映画&テレビ映像エンタメ業界をさわがせる破天荒夫婦が語る「映画と生活」

脚本家としての名を世に知らしめた映画『百円の恋』から、NHK朝の連続テレビ小説『ブギウギ』を経て、いまやすっかり売れっ子の一人となった映画監督・足立紳。巷では〝中年の星〟とも称された四十路を過ぎての劇的ブレイクまでには、どんな〝家庭内闘争〟があったのか。当人と妻・晃子さんが赤裸々に語る、夫婦二人三脚の内実とは──!?。

(写真/宇佐美亮)

──映画『百円の恋』(14年)公開当時、足立さんは42歳。ご自身でもやはり、「これでダメならあきらめよう」と?

足立紳監督(以下、足立) いやもう、それ以前にあきらめていて、「俺は専業主夫になる」と決意して、完全に主夫してました。ただ、やっぱり欲深いところもあるから、「一本でもいいからとにかく世に出したい」って思いも捨てきれなくて。家事育児の空き時間を使って、脚本を書きためるってことだけは続けていたんです。

足立晃子さん(以下、晃子) 実際、粘ってましたね。なんの仕事もないのに。しかも足立は、こちらがびっくりするほど自分でお金が稼げない。どんなバイトもクビになっちゃうから、私としてもそこはしんどかったし、ずっと歯がゆかったですよ。

足立 悪気はないんですけどね。コンビニとか深夜でヒマだから持参したマイチェアで、売りものの新聞を堂々と読んじゃったり。客がいなくても立ってなきゃいけない、みたいな謎ルールに馴染めなかっただけなので。

晃子 なんかもう発想が、映画に出てくるアメリカの個人商店のそれなんで、そもそもが日本のシステムに向いてなくて。それでいて、両親からずっと仕送りをもらってたりとか、お金で苦労した経験もないから、ものすごくタチが悪いんです。ずっとヒモのくせに突然、グラム何千円もする肉を買ってきちゃったりも平気でするし……。

──そんな夫を、それでも支え続けられたのはなぜなんでしょう?

晃子 純粋に面白かったんですよね。学生時代に自主映画で出会って、社会人になってからは他の人とお付き合いをした時期もあったけど、「いちばん面白いのは足立紳」って思いは変わらなくて。それで「こいつをどうにかしなきゃ」となっちゃった。当時はもうそれこそ、後先も見ずにそう思い込んじゃってたところもあったので。

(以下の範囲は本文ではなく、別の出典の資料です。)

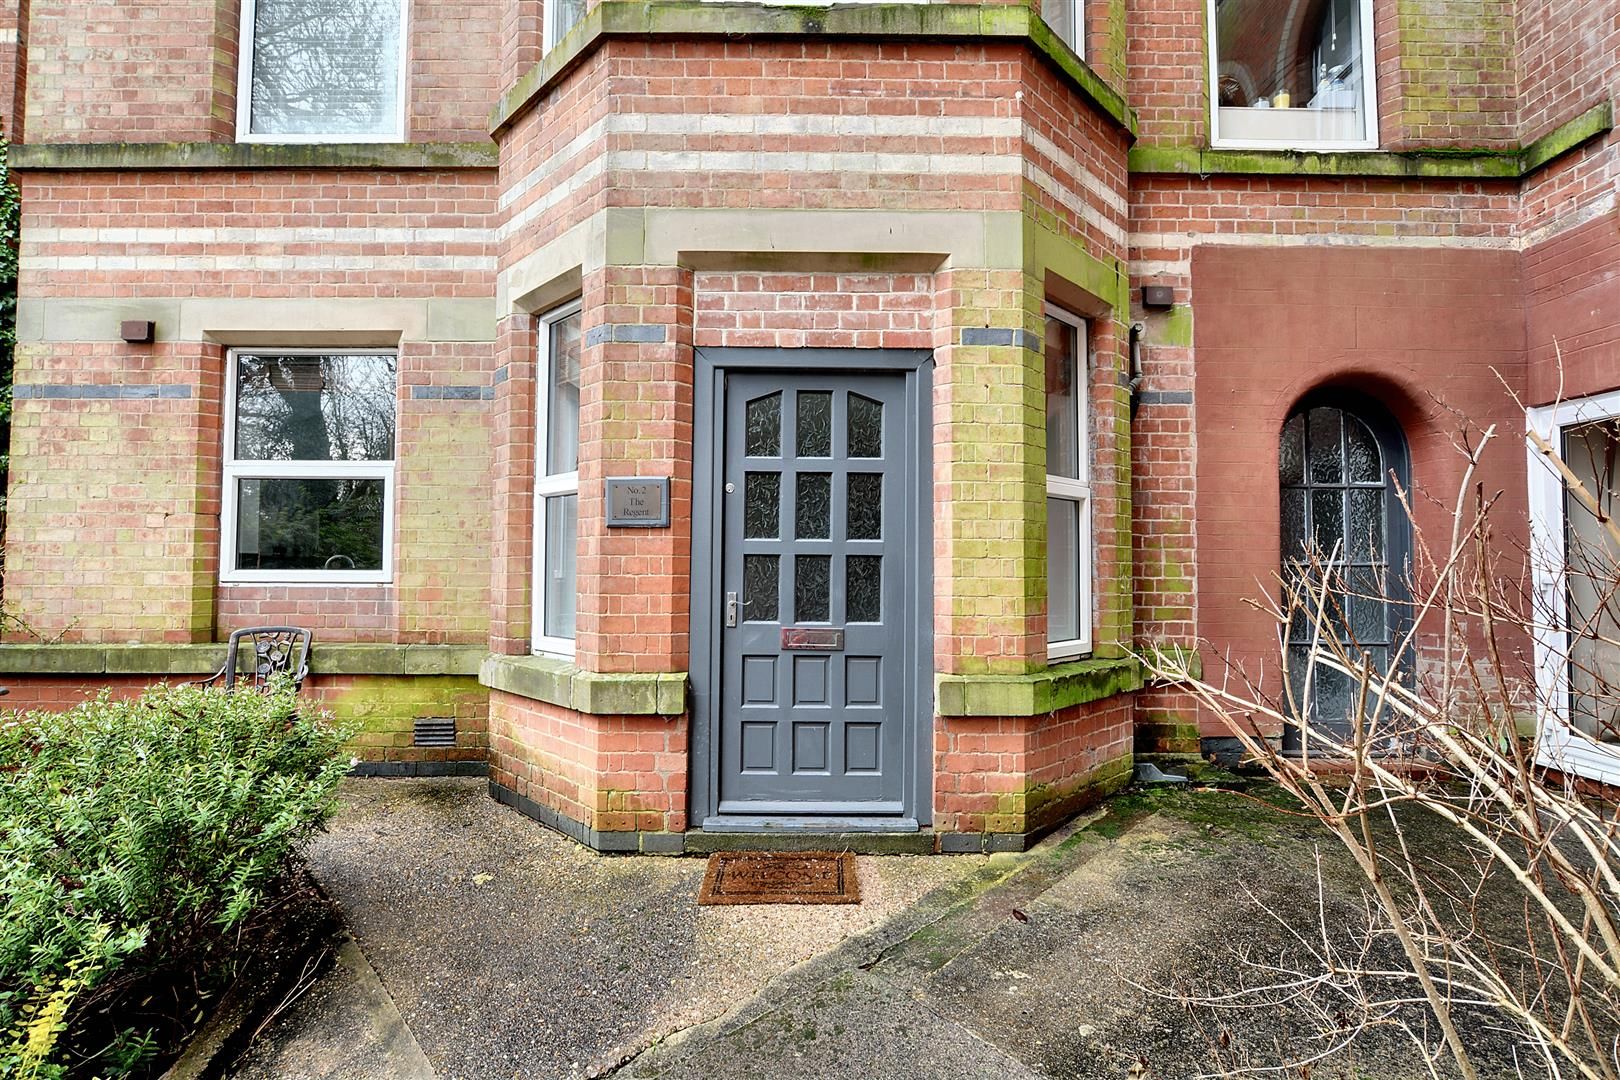 Hine Hall, Mapperley, Nottingham, NG3 5PD

足立 だから僕自身は、そこにすごい罪悪感があったんですよ。「俺にそこまでの才能はない」と自分でもわかっているのに、それを「面白い」と信じ切っている彼女が、なんだか不憫でならなくて。もちろん彼女がいたからこそ、粘ることもできたわけですけど。

晃子 たぶん、私も意地だったんでしょうね。『喜劇 愛妻物語』(20年)のときに映画評論家の内海陽子さんがそこに言及してくださっているのを見て、自分でもすごく腑に落ちて。普通の感覚だったら、とっくに愛想を尽かしてますからね。

──その『愛妻〜』では、水川あさみさん演じる妻の常軌を逸したドケチっぷりも描かれていましたよね。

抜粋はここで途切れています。